Question

Two trains A and B of length 400 m each are moving on two parallel tracks with a uniform speed of $72km{h}^{-1}$ in the same direction, with A ahead of B. The driver of B decides to overtake A and accelerates by $1m/s^2$. If after 50 s, the guard of B just brushes past the driver of A, what was the original distance between them?

Answer 1

Step 1: Given that:

Length of train A = Length of train B = $400m$

Initial velocity($u_A$) of train A = Initial speed of train B($u_B$)

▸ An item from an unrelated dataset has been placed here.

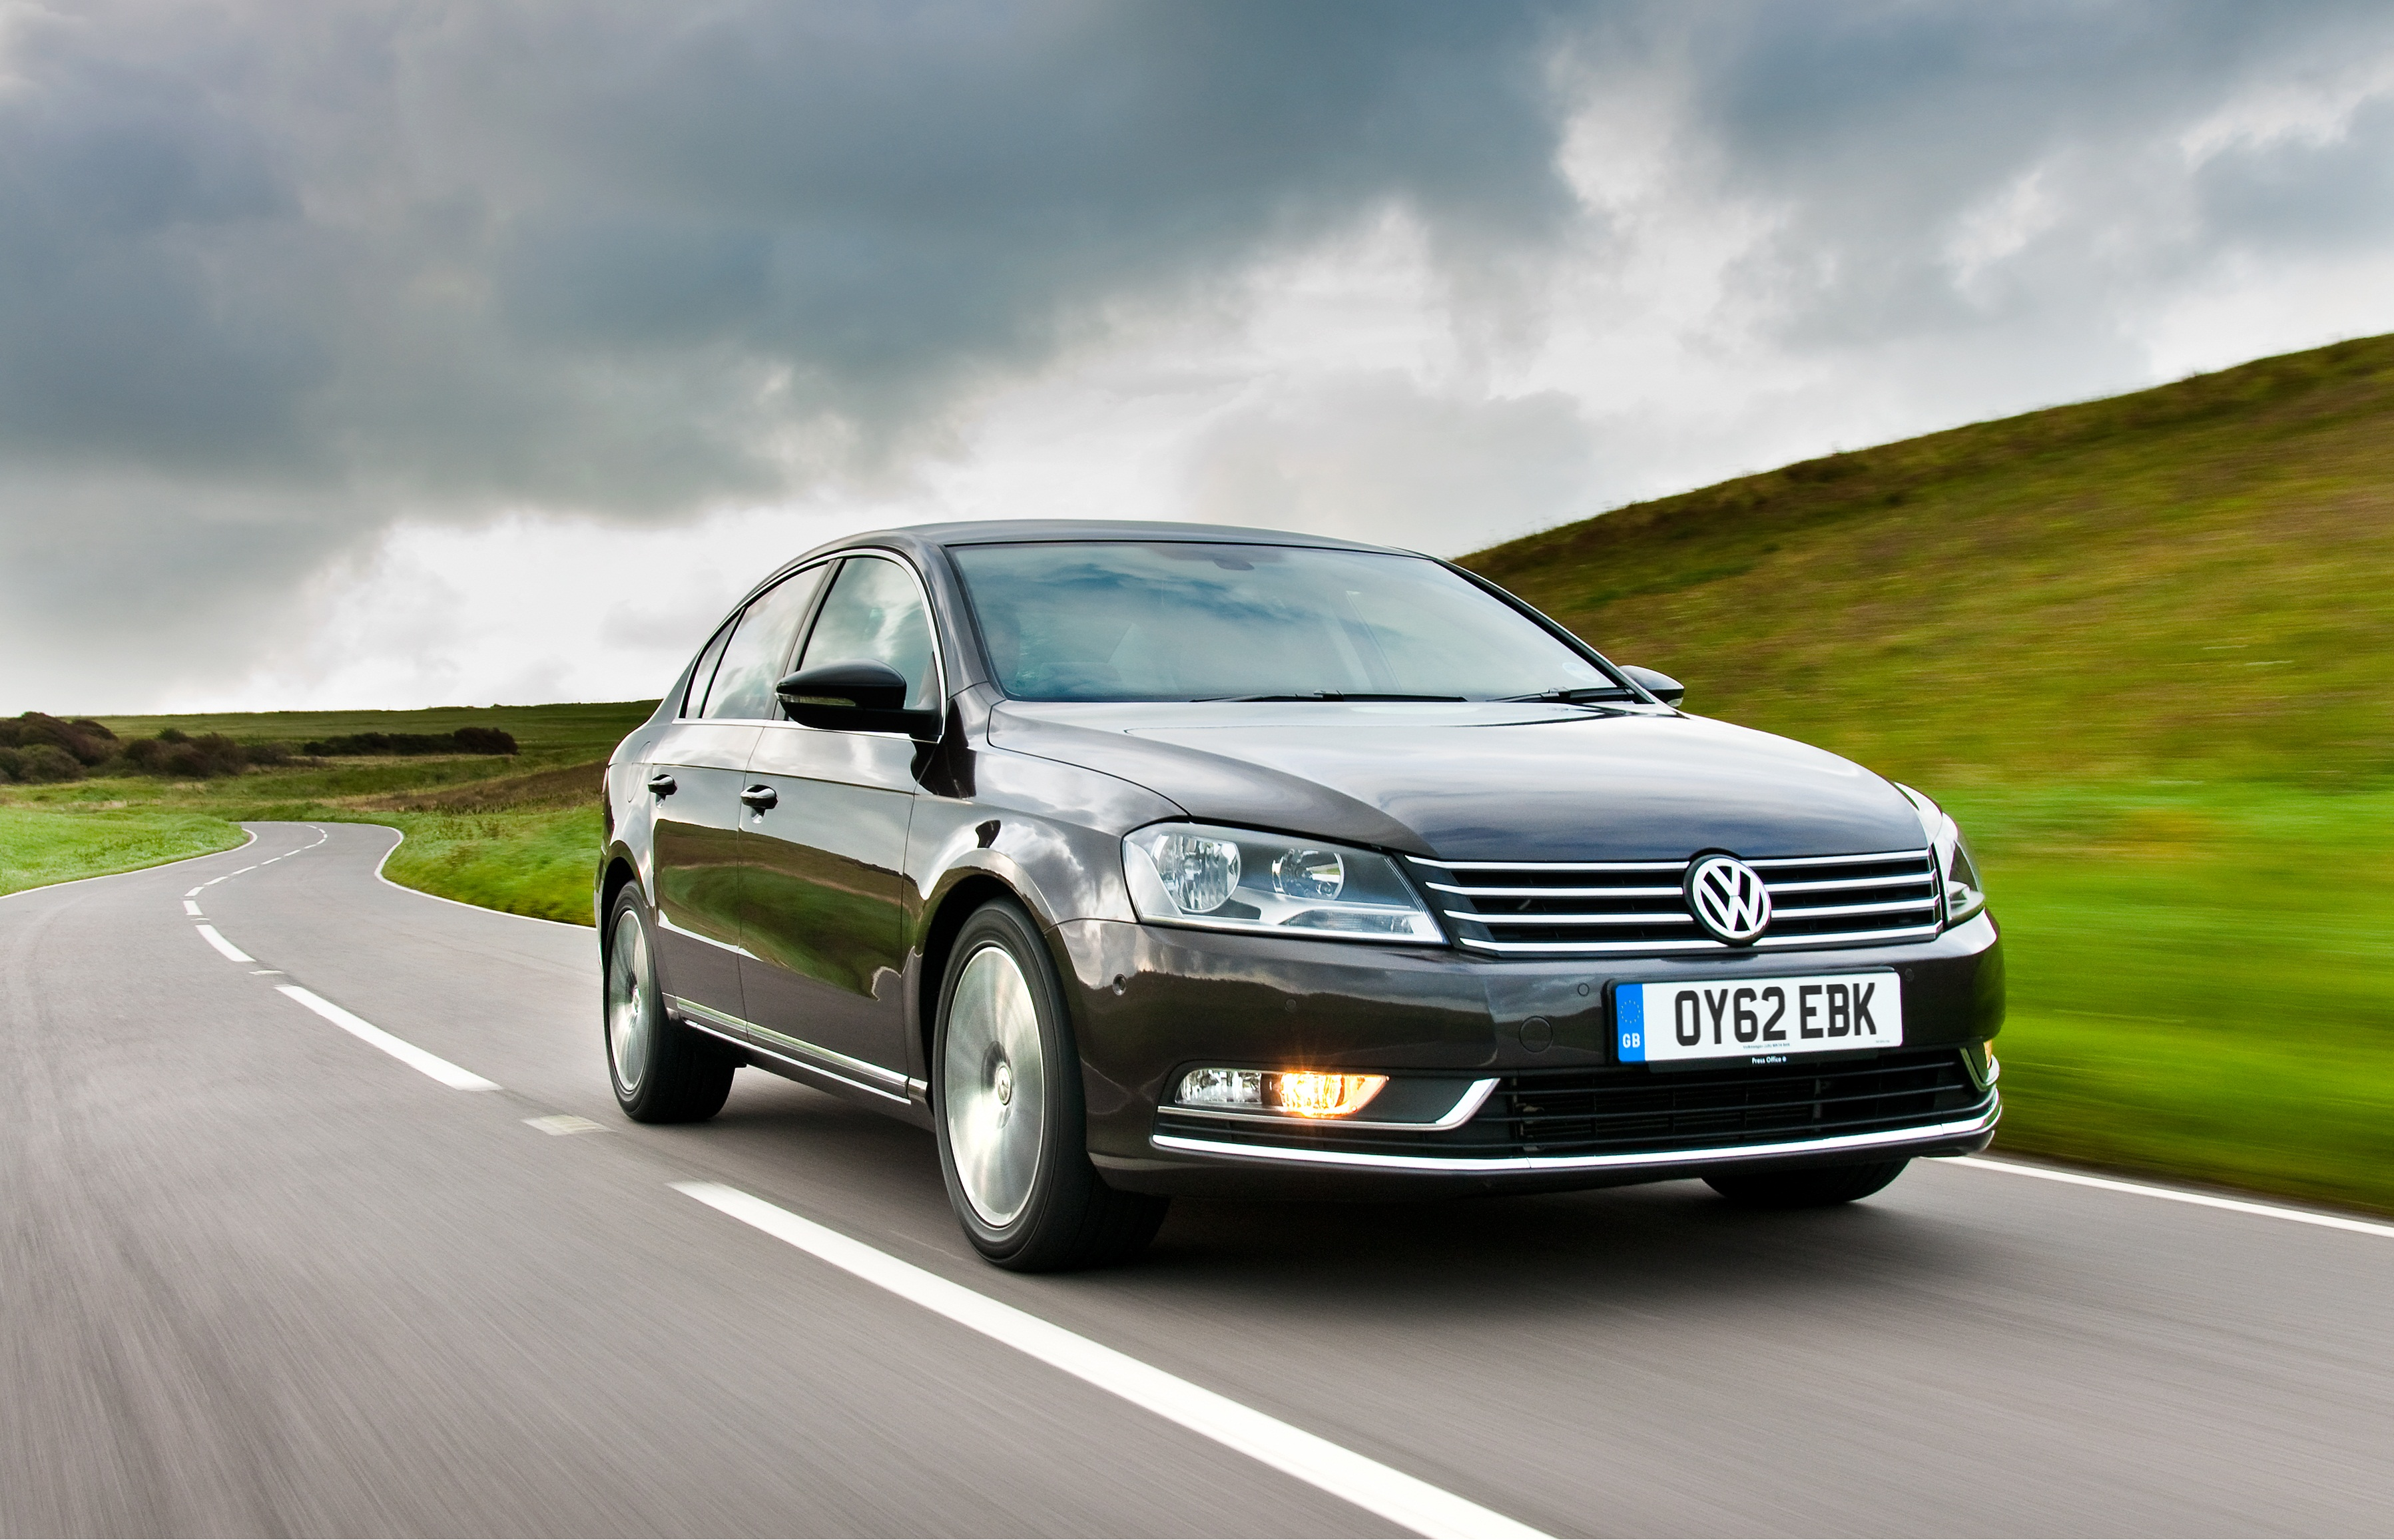 Satılık 2013 model Volkswagen Passat Sedan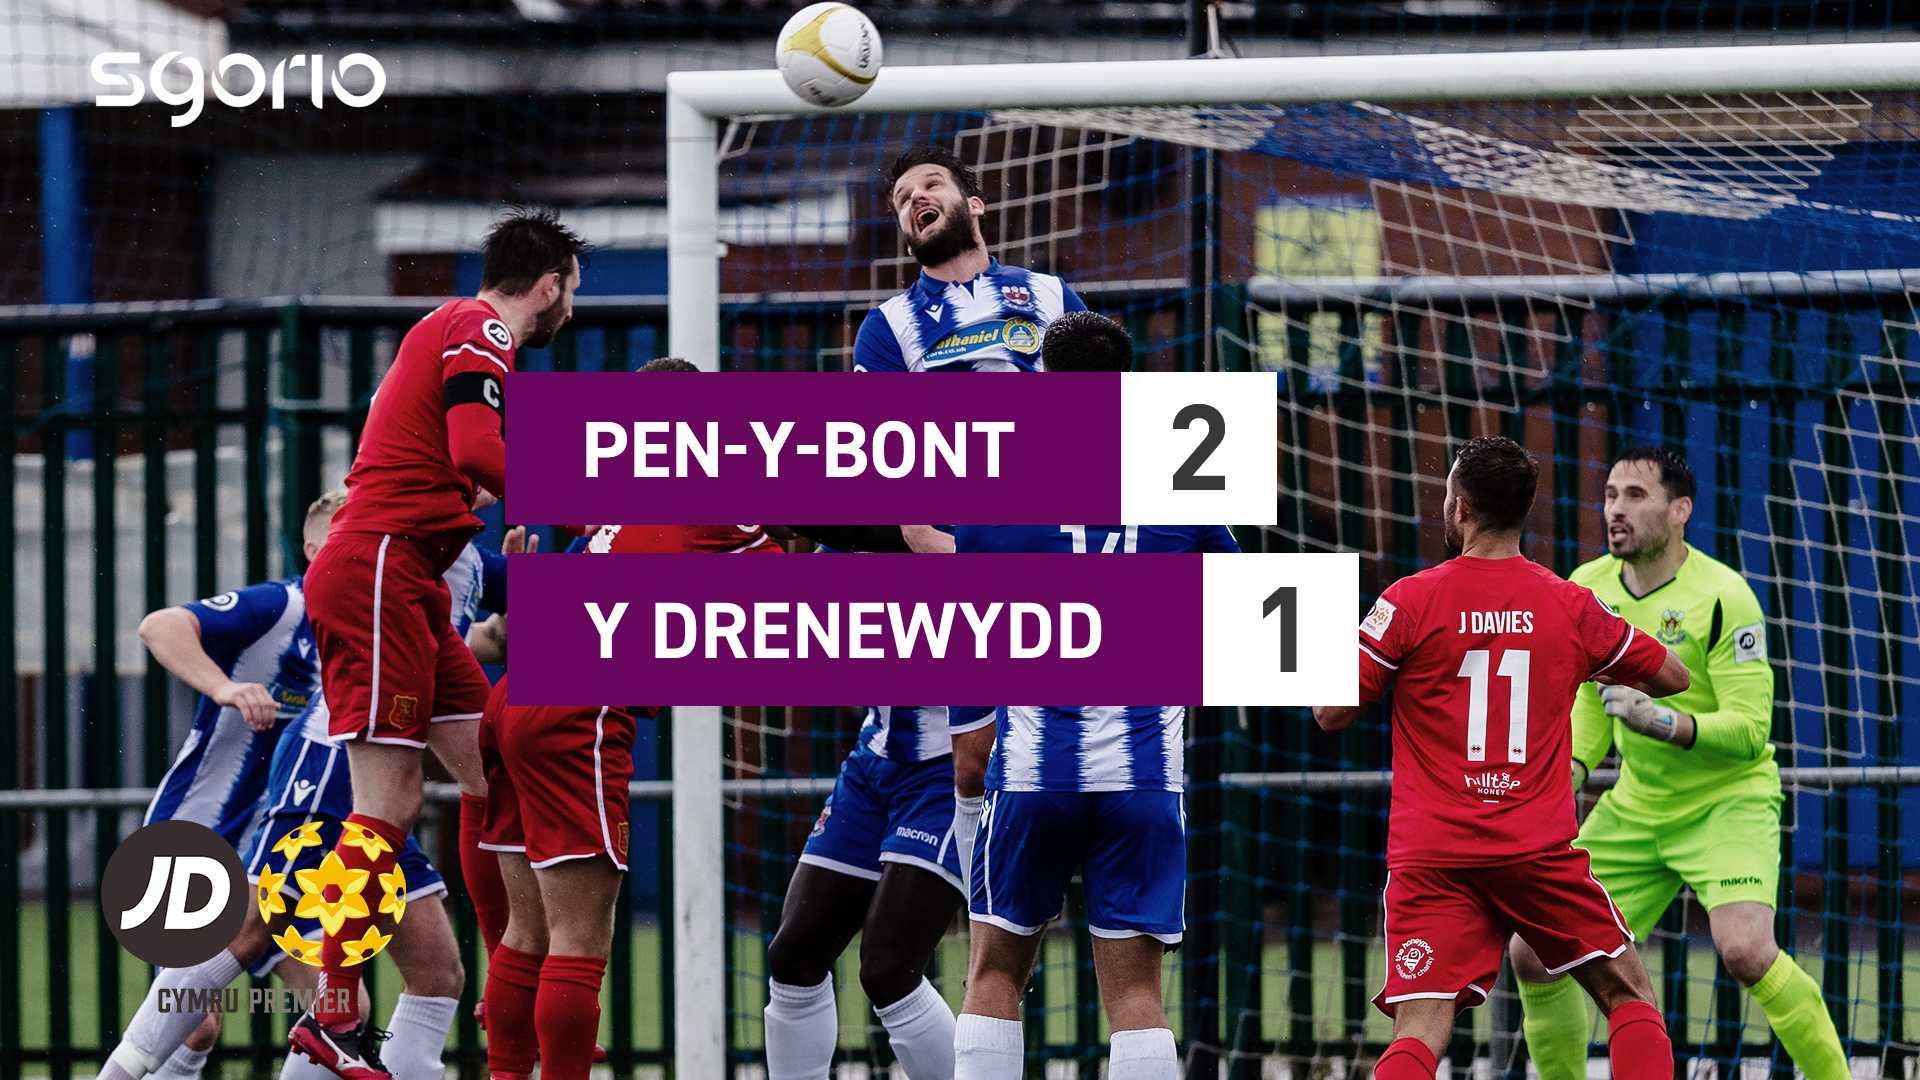 Pen-y-bont 2–1 Y Drenewydd

$u_A$ = $u_B$ = $72km{h}^{-1}$ = $72\times \frac{5}{18}m{s}^{-1}=20m{s}^{-1}$

Train A is ahead of train B.

Acceleration in train B($a_B$) = $1m{s}^{-2}$

Given time(t) = $50sec$

Step 2: Calculation of the original distance between train A and train B:

The relative velocity of train B with respect to train A is given by;

$u_{BA}=u_B-u_A$

$u_{BA}=20m{s}^{-1}-20m{s}^{-1}$

$u_{BA}=0$

Distance covered in the given time by train B with respect to A is given by the second equation of motion;

$s=ut+\frac{1}{2}a{t}^2$

Let,

$s_{BA}$ be the distance that is to be covered by train B to just cross train B.

Putting the values, we get;

$s_{BA}=u_{BA}\times t+\frac{1}{2}{a}_B{t}^2$

$s_{BA}=0\times 50sec+\frac{1}{2}\times 1m{s}^{-2}\times {\left(50sec\right)}^2$

$s_{BA}=25\times 50$

$s_{BA}=1250m$

Here,

The original distance between the train = The distance covered by train B with respect to train A to just cross train A($s_{BA}$)

= $1250m$

Thus,

The original distance between them is = $1250m$.